Churchman first showed the antimyoctic effects of GV against multiple species of Candida in his initial 1912 experiments.8 In 1927, intravenous GV was reported to have treated a systemic Blastomyces infection.17 Currently, multiple studies have proven the efficacy of GV against Candida in the setting of catheter infections.51,52,54 GV was shown to not only have direct fungicidal action, but also disrupt the adherence of Candida to catheters. Silver alloy coated urinary catheters are currently the most common catheter used in the United States, but only reduce the relative risk of UTI by 32%.55 GV coated catheters were found to be significantly superior to silver alloy urinary catheters in reducing colony counts of seven different microorganisms as well as reducing E. Coli burden in the bladder and urine in an in vivo rabbit model.51

GV has also been used extensively for oral candidasis (thrush). Painting the mouth of an infant with oral thrush with GV has for more than 90 years been a safe and effective treatment.12,56,57 More recently, GV has been used to treat oral candidasis in human immunodeficiency virus (HIV) infected individuals, especially in developing countries58,59 where treatment with fluconazole is impractical due to availability, cost of treatment and the development of resistance.60,61 In a randomized trial comparing GV to nystatin and ketoconazole amongst patients with HIV and oral candidasis, after 14 days, 11/26 (42%) patients treated with GV had complete resolution of their disease, compared with 10/23 (43%) patients treated with ketoconazole and only (2/23 (9%) patients treated with nystatin.58

GV has shown excellent anti-candidal efficacy in vitro, with significantly greater antimycotic activity against 91 candidal strains than other topical alternatives to fluconazole such as chlorhexidine and povidone iodine in one study62, and a markedly lower minimal inhibitory concentration when compared to povidone iodine against 102 yeast isolates in a second study.63 GV has also been found to inhibit biofilms of Candida isolates taken from HIV infected patients in vitro.64

Currently we also use gentian violet for onychomycosis, with application of 1–2% GV to pared nails 3× weekly for one month, and have noted significant improvement (unpublished data). Further studies are needed to establish mycological clearance.

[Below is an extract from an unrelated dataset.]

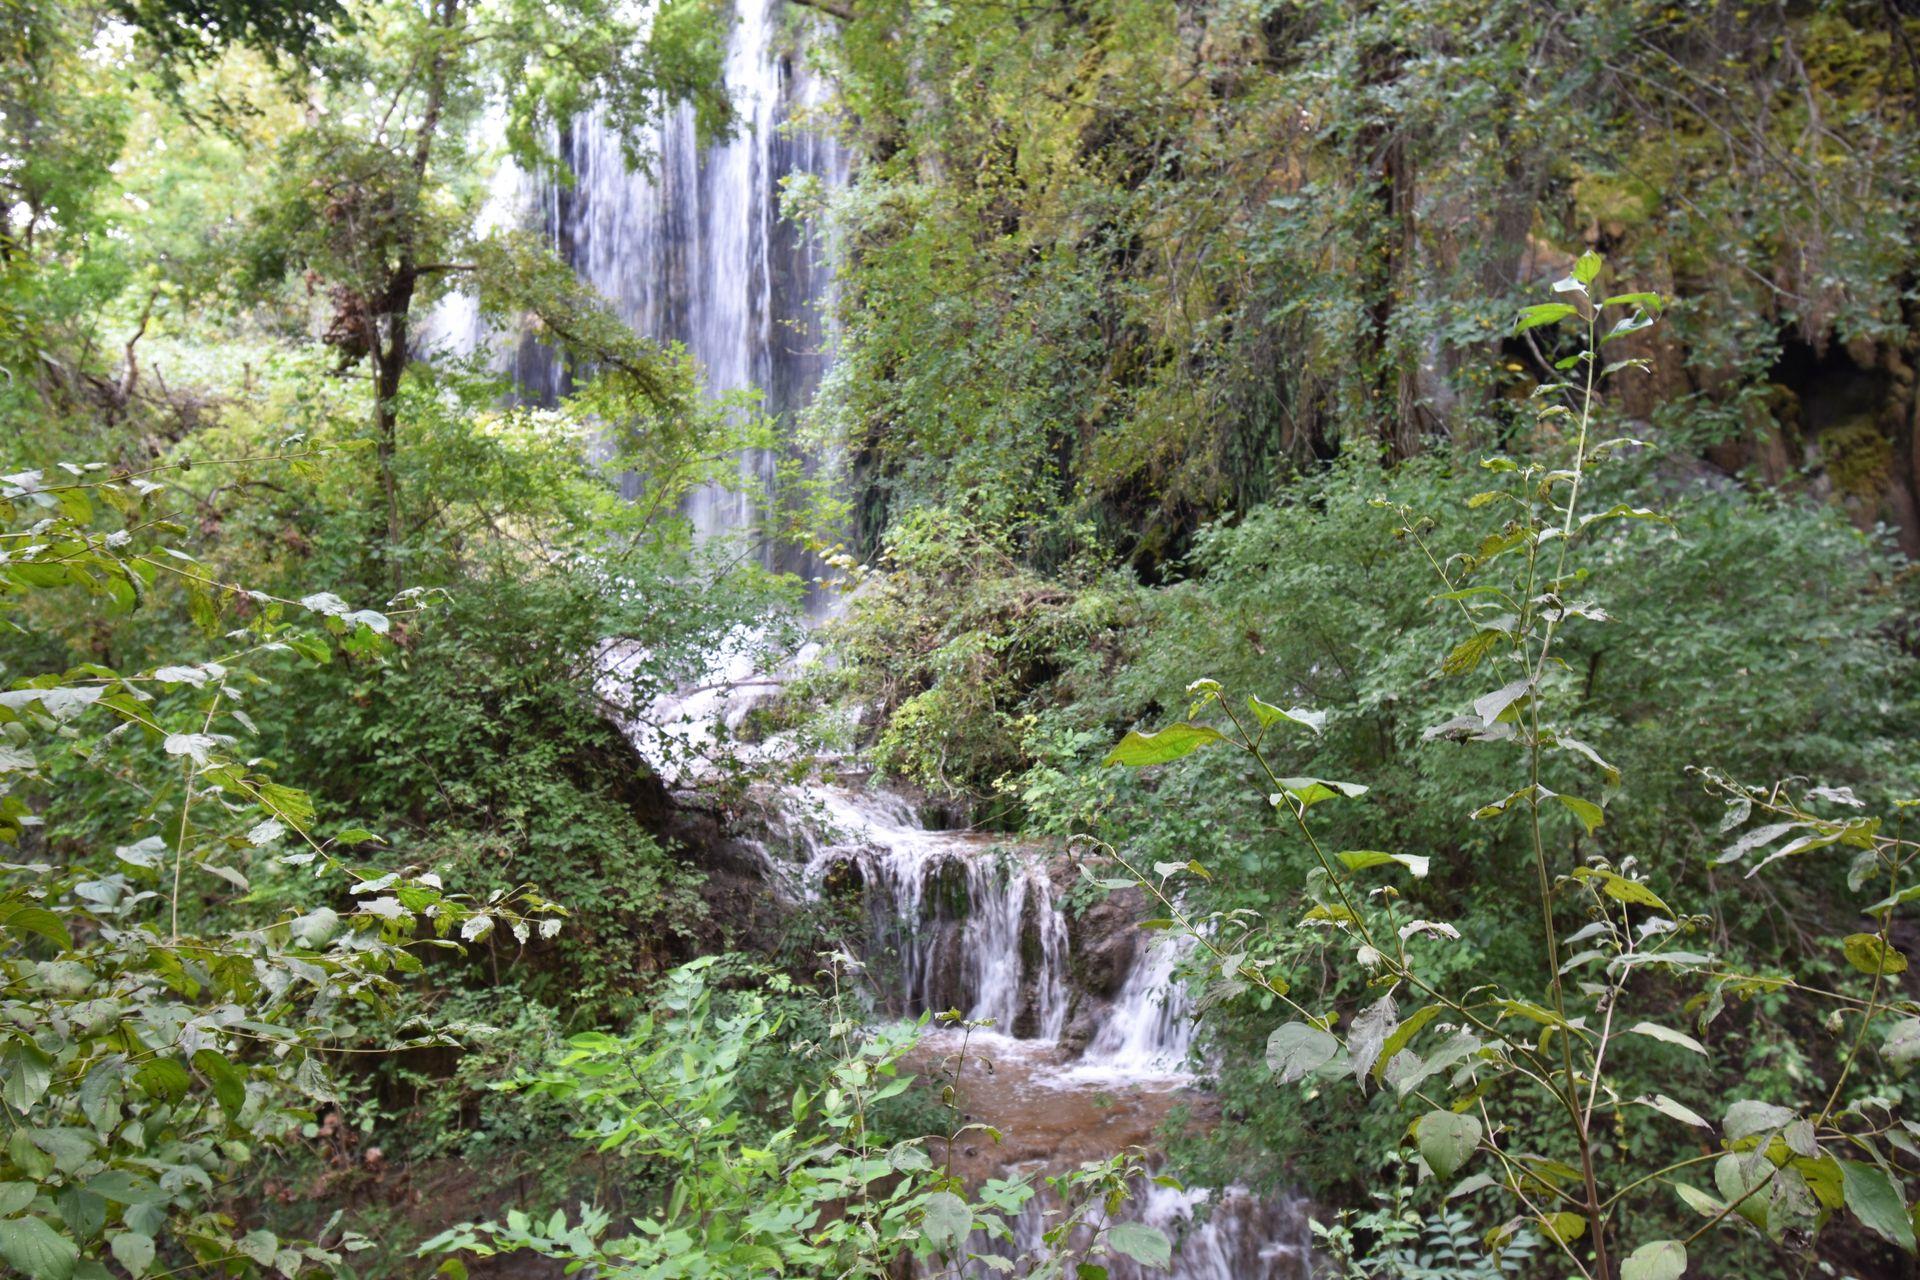 A waterfall seen through an area of greenery and trees.

In the previously mentioned studies, topical application of GV for oral candidasis was well tolerated by all of the patients, with staining of the teeth and infrequent local irritation being the only reported concerns.58,59 There have been reports toxicity of gentian violet in the treatment of oral candidiasis, including oral mucosal irritation65,66 and necrosis67, difficulty with breast feeding68 and obstructive laryngotracheitis69.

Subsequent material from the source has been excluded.